Top of Data for this exercise

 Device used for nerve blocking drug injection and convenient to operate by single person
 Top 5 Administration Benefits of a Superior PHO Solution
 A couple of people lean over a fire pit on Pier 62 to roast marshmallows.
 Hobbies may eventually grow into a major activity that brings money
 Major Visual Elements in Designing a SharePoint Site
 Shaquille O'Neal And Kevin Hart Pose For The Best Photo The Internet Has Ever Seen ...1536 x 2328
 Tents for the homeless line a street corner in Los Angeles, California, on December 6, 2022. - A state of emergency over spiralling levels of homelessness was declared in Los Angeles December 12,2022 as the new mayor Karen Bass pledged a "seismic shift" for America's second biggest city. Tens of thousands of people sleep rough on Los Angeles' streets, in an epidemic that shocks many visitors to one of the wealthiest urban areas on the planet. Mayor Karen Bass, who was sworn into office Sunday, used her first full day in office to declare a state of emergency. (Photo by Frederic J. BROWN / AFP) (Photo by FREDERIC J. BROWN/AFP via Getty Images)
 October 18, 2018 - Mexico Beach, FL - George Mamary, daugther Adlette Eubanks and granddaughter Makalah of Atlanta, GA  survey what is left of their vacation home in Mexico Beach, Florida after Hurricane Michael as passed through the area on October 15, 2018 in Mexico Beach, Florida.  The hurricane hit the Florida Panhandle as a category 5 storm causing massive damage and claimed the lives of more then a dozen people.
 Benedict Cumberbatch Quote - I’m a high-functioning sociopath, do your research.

Bottom of Data for this exercise

*What needs to be done*
Every line above that holds the string "people" should be copied into the answer.

*Written response*
 A couple of people lean over a fire pit on Pier 62 to roast marshmallows.
 Tents for the homeless line a street corner in Los Angeles, California, on December 6, 2022. - A state of emergency over spiralling levels of homelessness was declared in Los Angeles December 12,2022 as the new mayor Karen Bass pledged a "seismic shift" for America's second biggest city. Tens of thousands of people sleep rough on Los Angeles' streets, in an epidemic that shocks many visitors to one of the wealthiest urban areas on the planet. Mayor Karen Bass, who was sworn into office Sunday, used her first full day in office to declare a state of emergency. (Photo by Frederic J. BROWN / AFP) (Photo by FREDERIC J. BROWN/AFP via Getty Images)
 October 18, 2018 - Mexico Beach, FL - George Mamary, daugther Adlette Eubanks and granddaughter Makalah of Atlanta, GA  survey what is left of their vacation home in Mexico Beach, Florida after Hurricane Michael as passed through the area on October 15, 2018 in Mexico Beach, Florida.  The hurricane hit the Florida Panhandle as a category 5 storm causing massive damage and claimed the lives of more then a dozen people.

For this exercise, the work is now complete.